KANSAS CITY, MO—Entertainment Properties Trust is negotiating a letter of intent with what it describes as “a prominent theatre operator” for a $135-million sale-leaseback, according to a filing with the Securities and Exchange Commission this week. In addition, the locally-based REIT, which trades under the ticker EPR, is in discussions with a tenant regarding the purchase of several more charter school properties and is raising new equity for what its C suite has termed “growth transactions.”
The contemplated theatre deal involves 19 properties with 291 screens, 67,000 seats and 1.56 million square feet of space combined, according to the Nov. 10 filing. If the transaction is closed, EPR expects the properties to be leased to the theatre operator under one master lease, structured as a triple-net lease with an initial 20-year term and an initial base rent equal to the purchase price multiplied by 12%, plus rent escalators every five years. “The theatre operator is currently negotiating with a third party for the purchase of the theatres,” the filing states. “It is anticipated that [EPR] would acquire the theatre properties directly from the third party and lease them to the theatre operator.”
Meanwhile, the same filing discloses that EPR is discussing an option to buy as many as five charter schools from Imagine Schools Inc. The purchases as well as plans to invest in the expansion of a charter school the REIT already owns, is estimated to total $50 million.

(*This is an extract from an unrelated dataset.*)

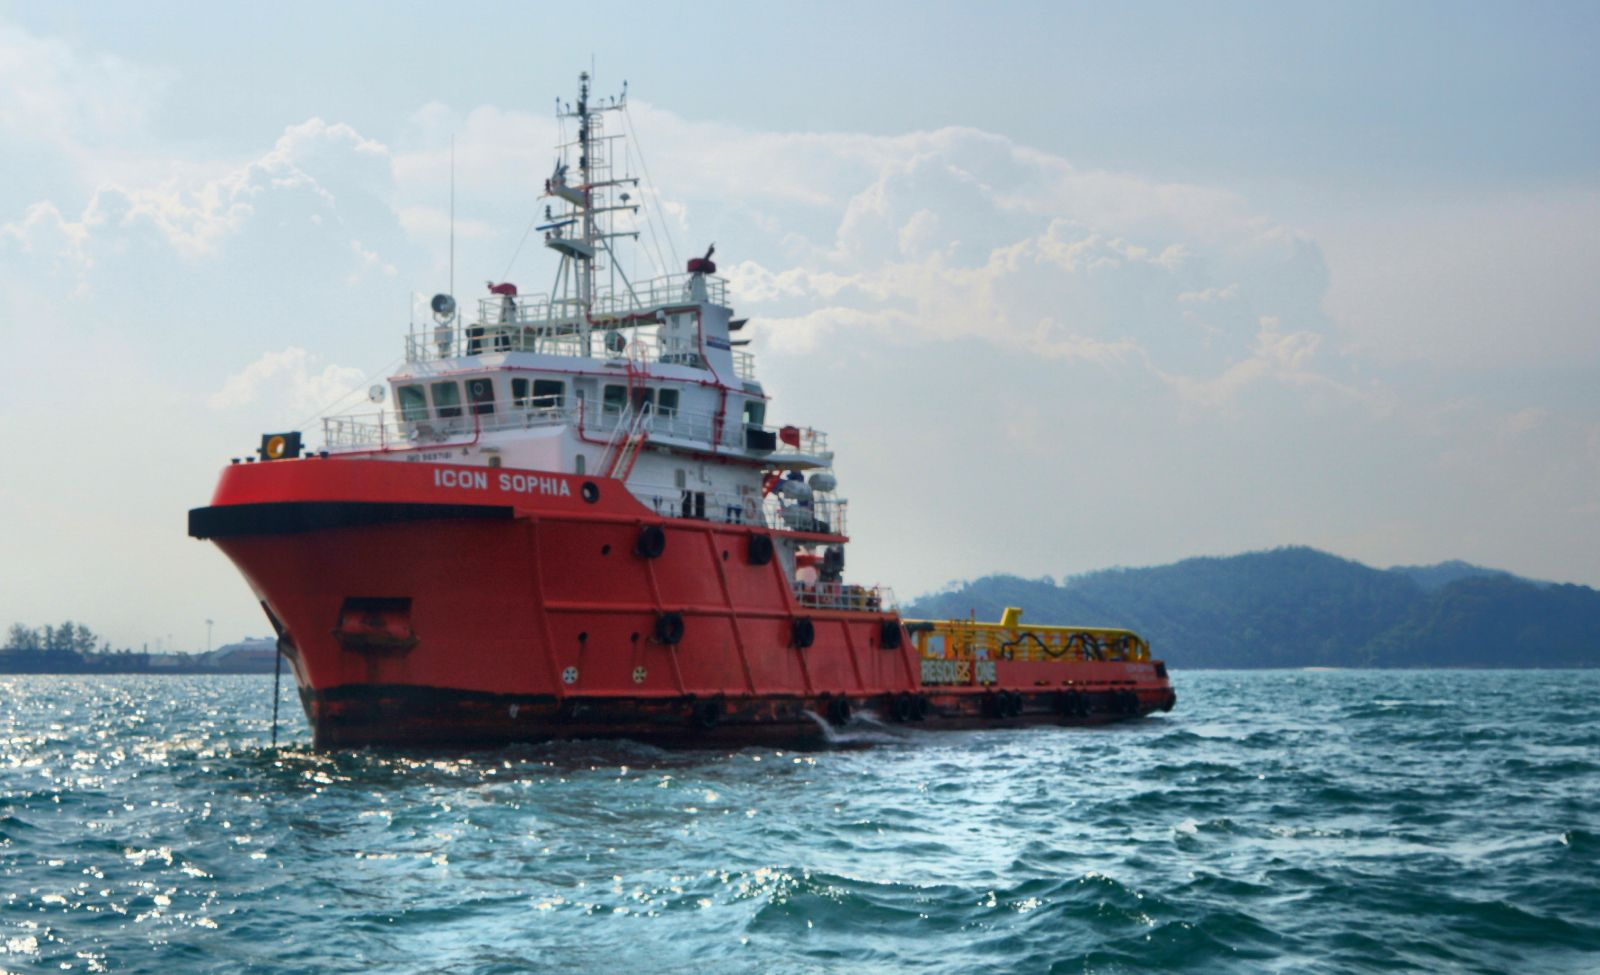 dp2 vessels

During the company’s third quarter earnings conference call last week, EPR executives alluded to possible transactions in the theatre and charter school property markets, saying they have been spending a lot of time looking at deals in the 11% to 12% cap rate range. The deals are generally coming from “distressed sellers, not necessarily distressed properties, but distressed sellers,” president and chief executive officer David Brain said during the call.

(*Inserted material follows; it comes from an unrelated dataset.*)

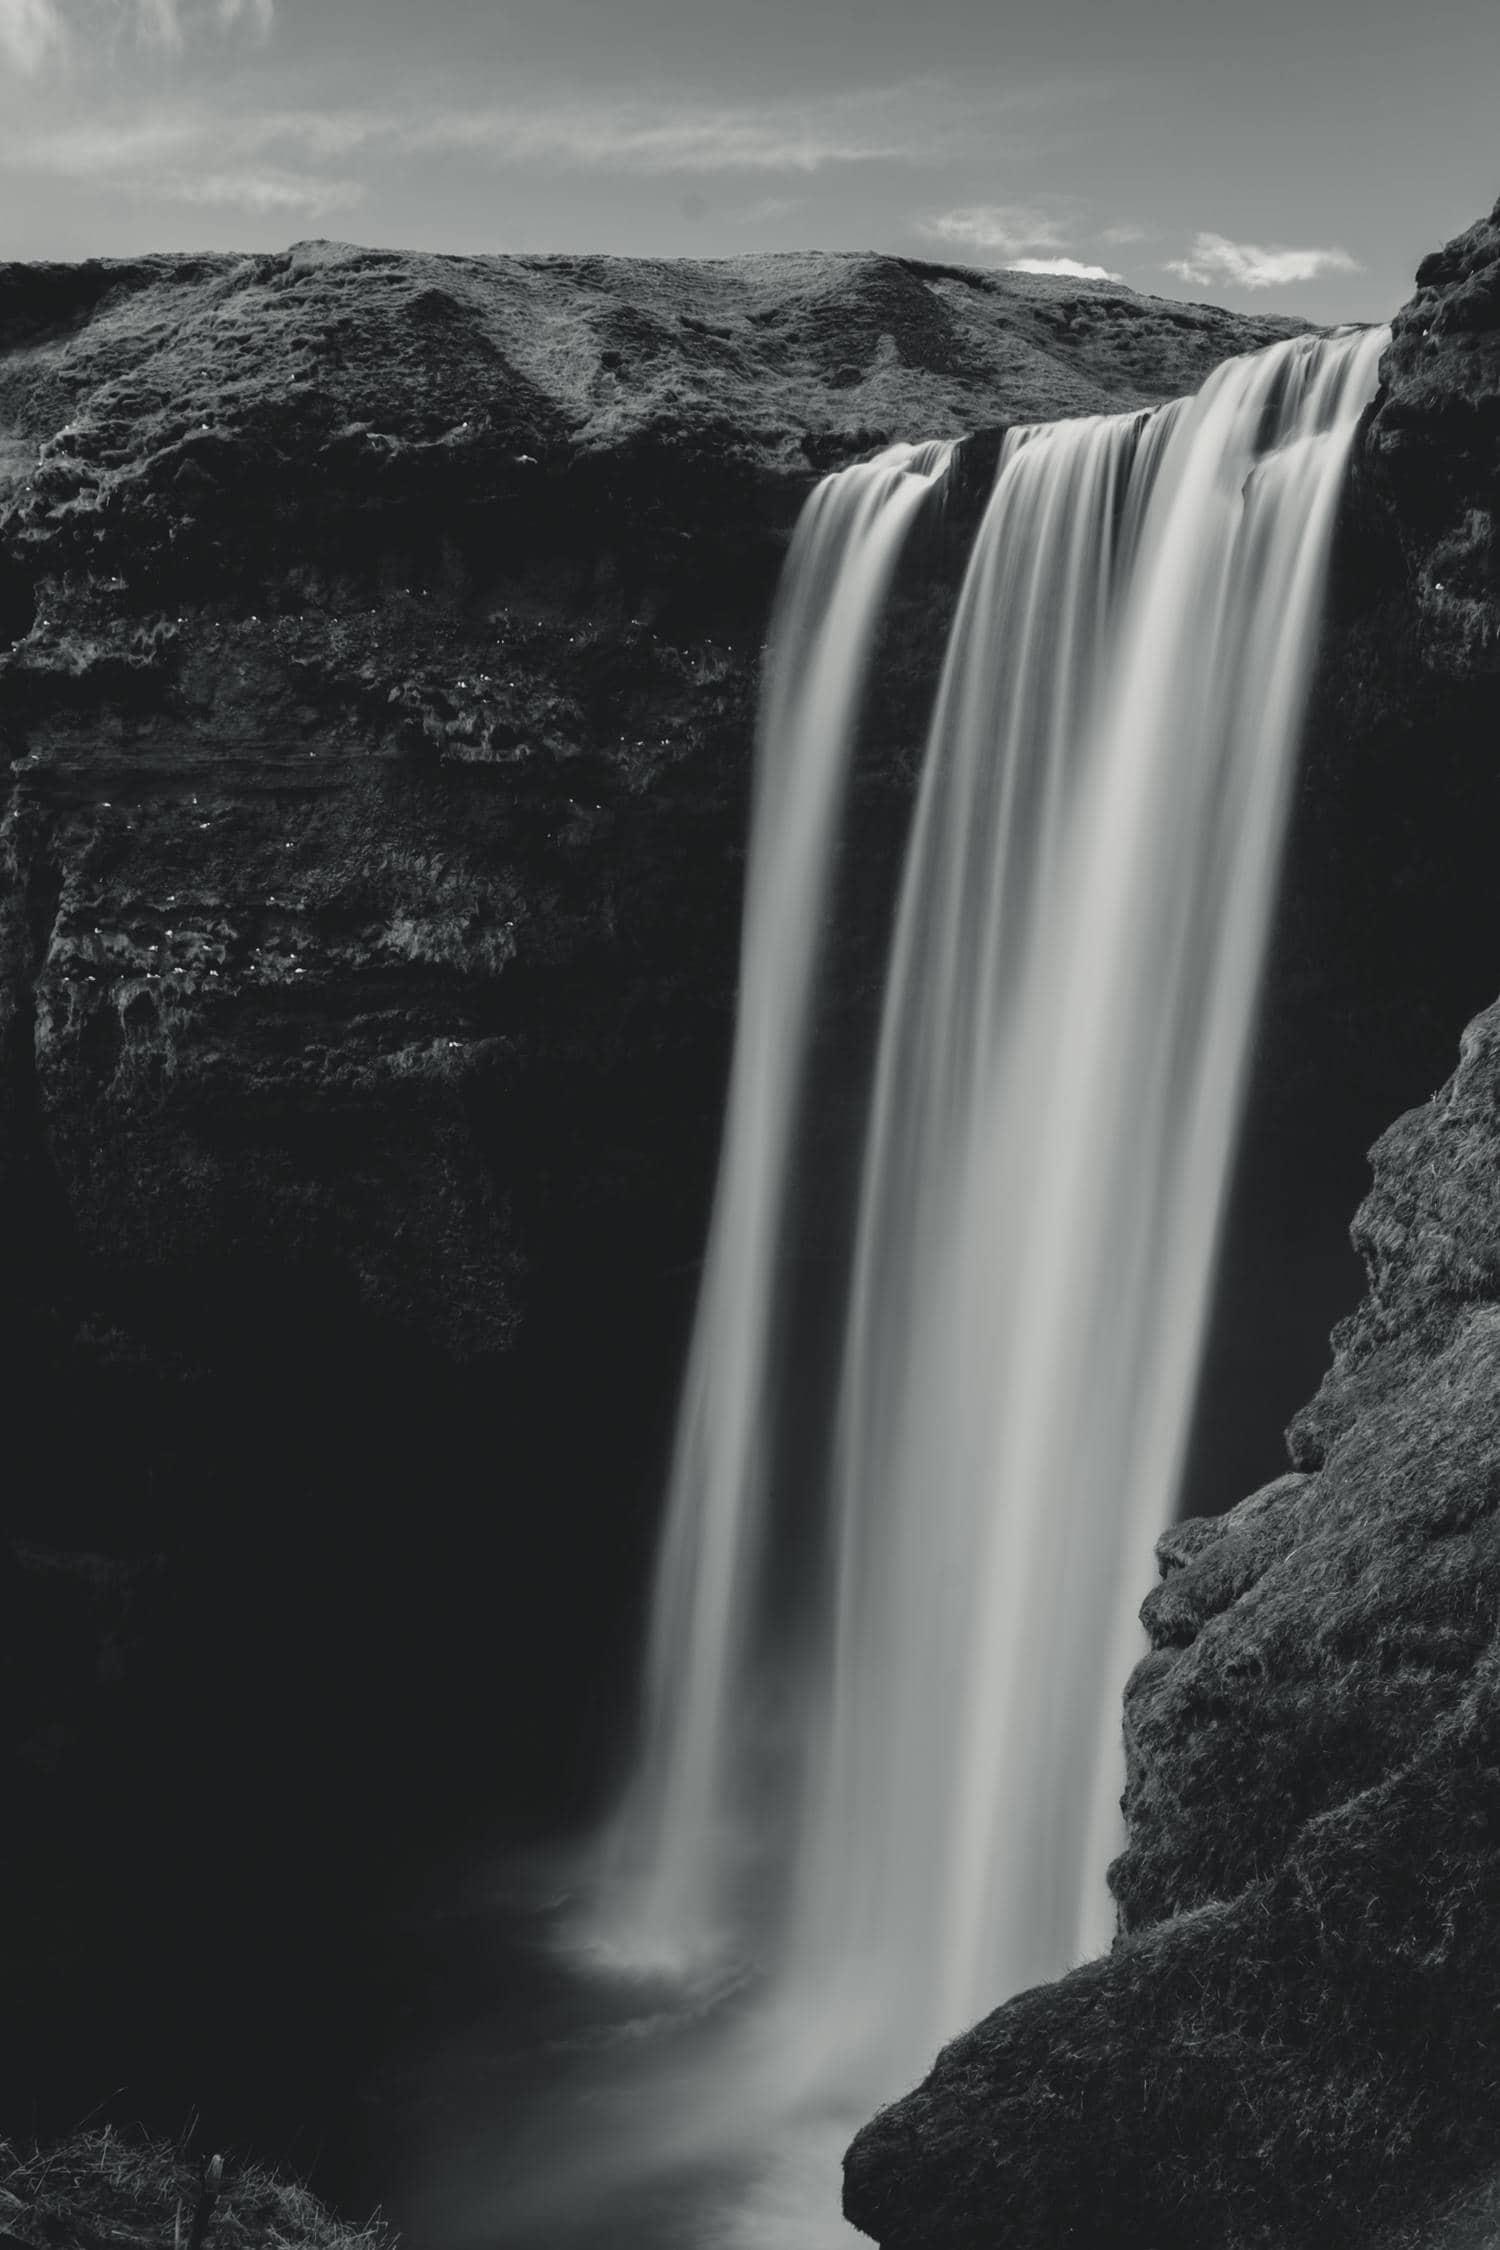 Cascada con agua efecto sedoso por velocidad de obturación lenta

Brain also noted during the call that during the third quarter, the company had raised $50 million of equity from the sale of about 1.6 million shares, at an average price of about $32 a share, through its direct share purchase program. That brought the company’s year-to-date equity raise to just under $100 million. “These transactions are very important in their contribution to our liquidity, our stability, as we reduce our leverage position and create capacity to resolve issues and execute growth transactions.”
And since the date of the Q3 call, EPR has announced further capital raising activity: On Tuesday it announced that it priced a public offering of 5.5 million newly issued common shares for anticipated proceeds of $173.3 million. The deal grants an over-allotment option of another 825,000 shares to the underwriters; J.P. Morgan Securities Inc. and RBC Capital markets Corp. are joint book running managers, while Citigroup Global Markets Inc., Barclays Capital Inc. and KeyBanc Capital Markets Inc. are co-lead managers and FBR Capital markets & Co. is co-manager of the offering.

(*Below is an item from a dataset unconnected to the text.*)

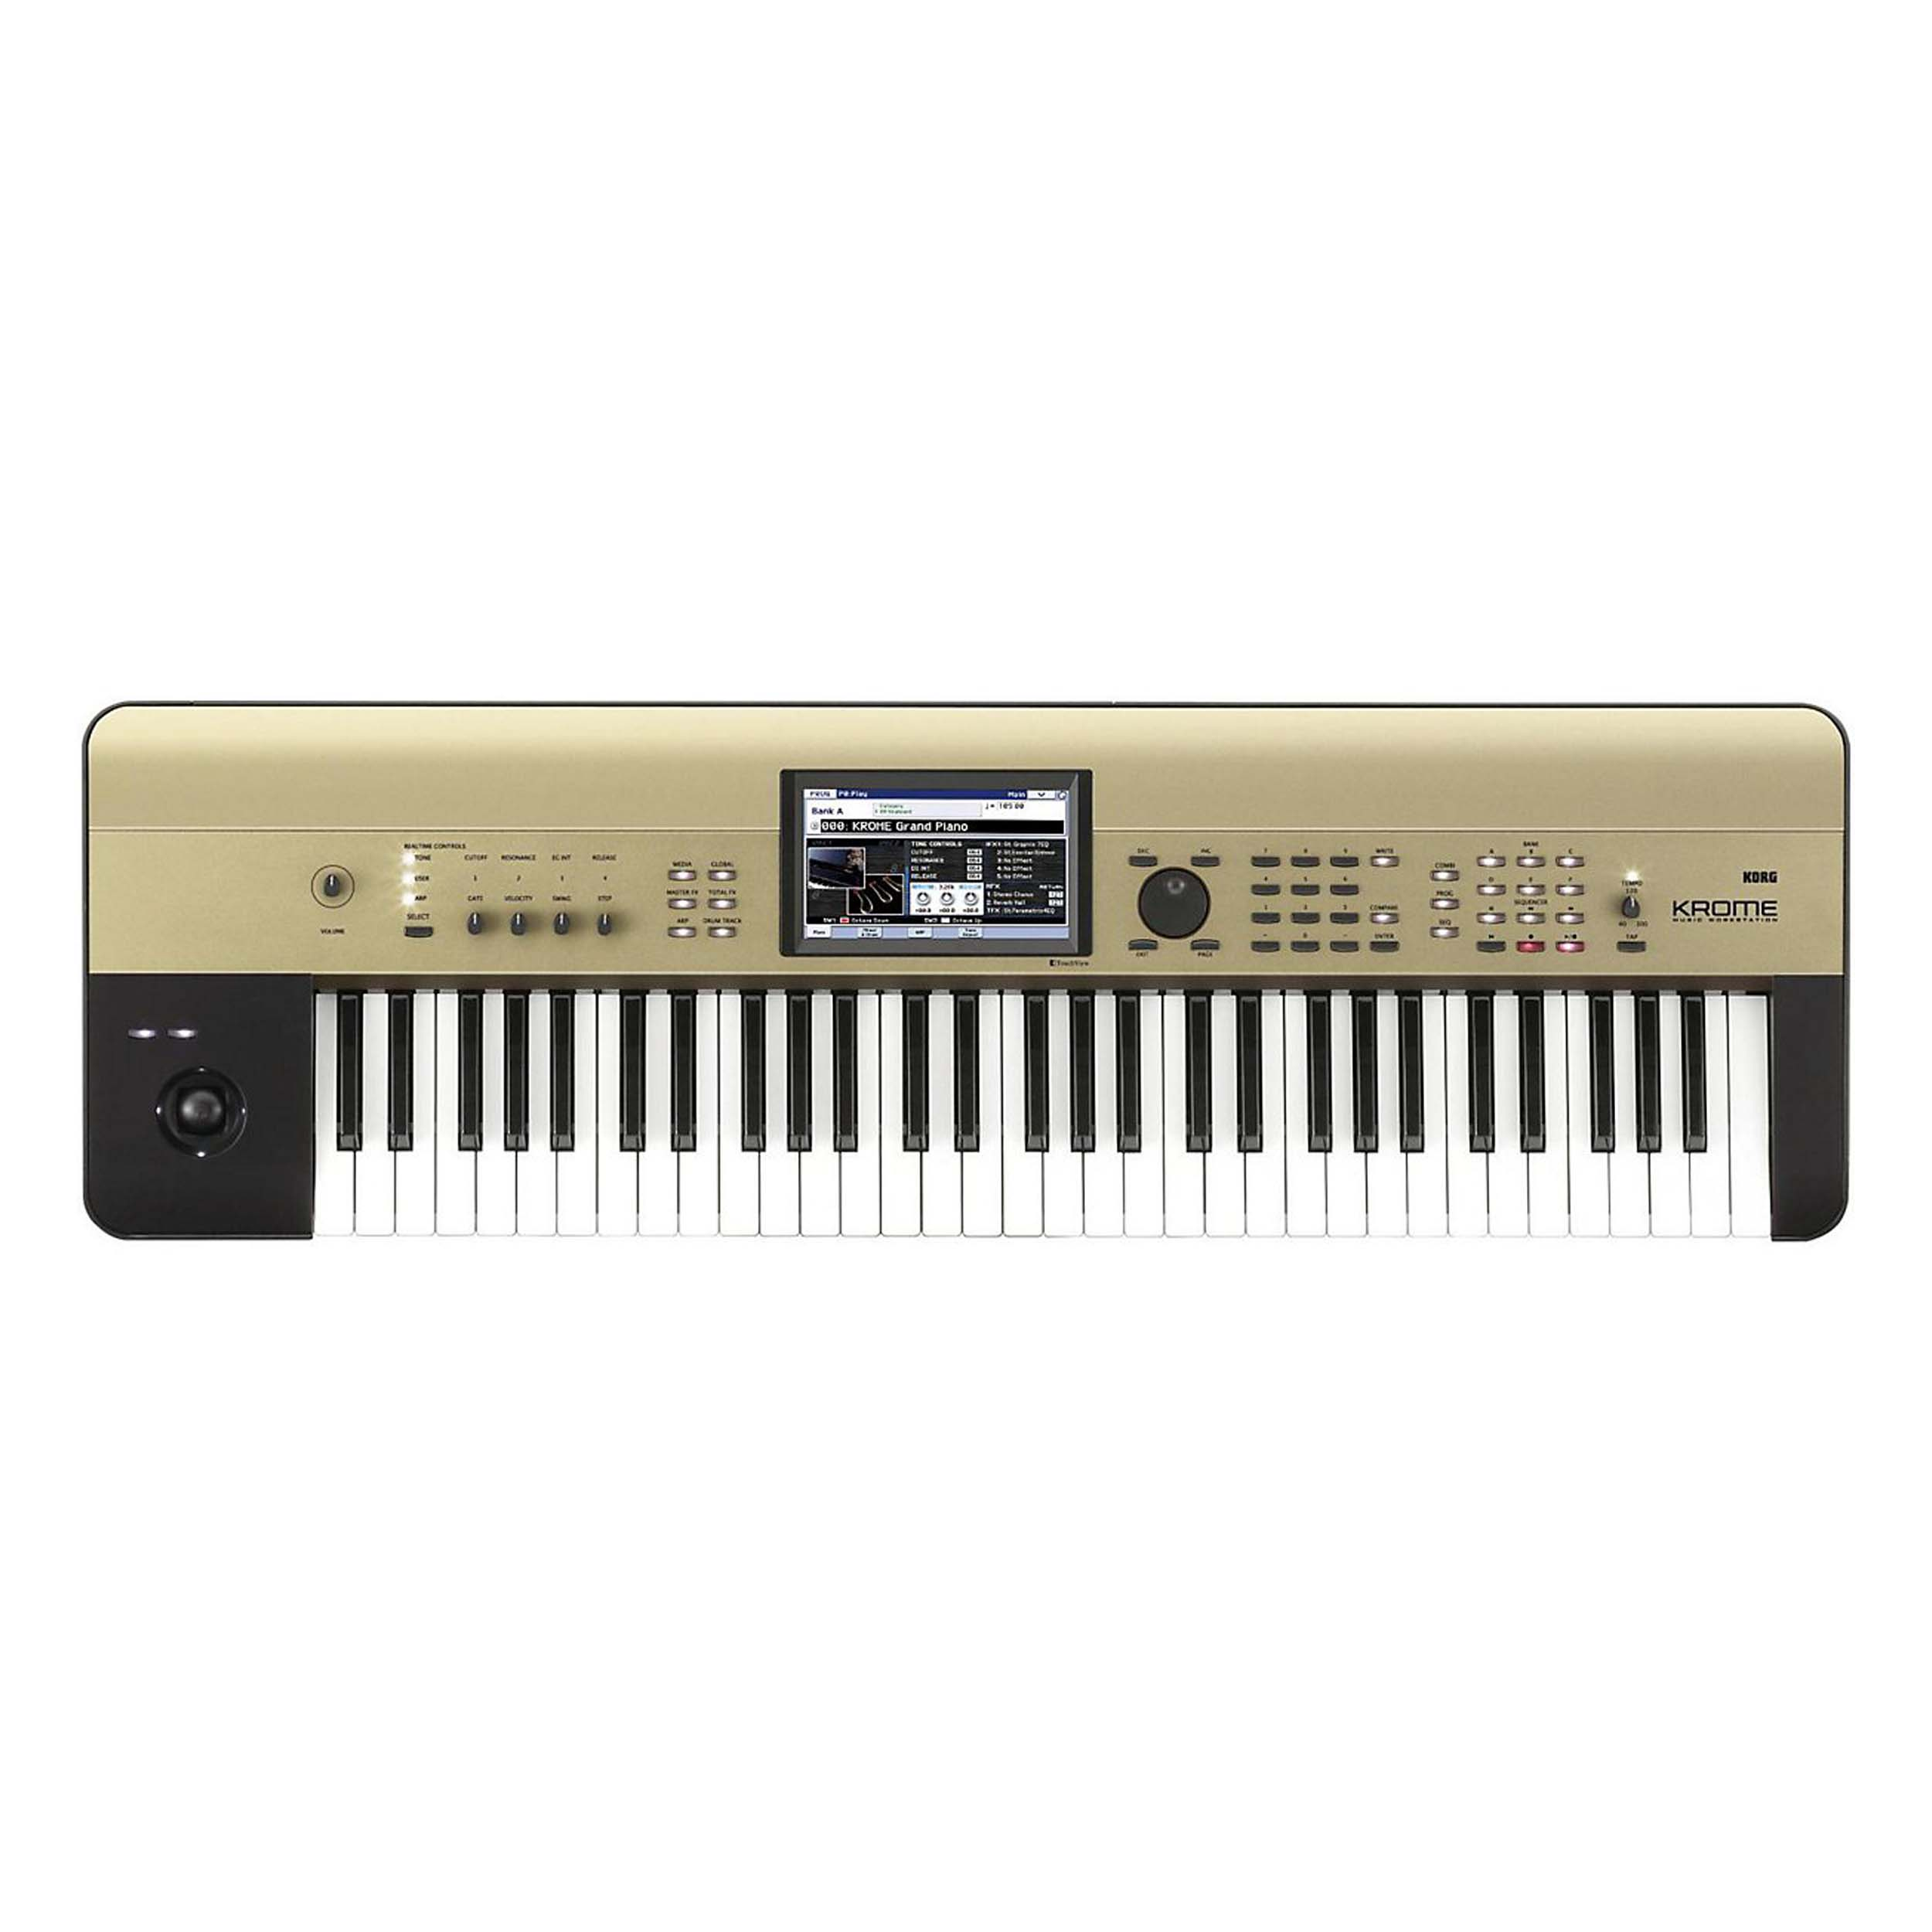 Details about Korg Krome 61 Keyboard Limited Edition Gold 61-Note  Workstation

The proceeds are slated for general corporate purposes, an announcement from the company states, “which may include funding the acquisition, development or financing of properties or the repayment of debt.”
EPR’s core portfolio consists of megaplex theatre properties; at the end of the third quarter, it owned 80 such properties totaling about 6.6 million square feet, which were 100% occupied. It also owns about 3.9 million square feet of restaurant, retail and other destination recreation and specialty properties; 22 charter schools; and a number of vineyards and wineries. The company also has a real estate mortgage loan portfolio, including financing for entertainment, retail and recreational properties, which was valued at $518.1 million at the end of the third quarter.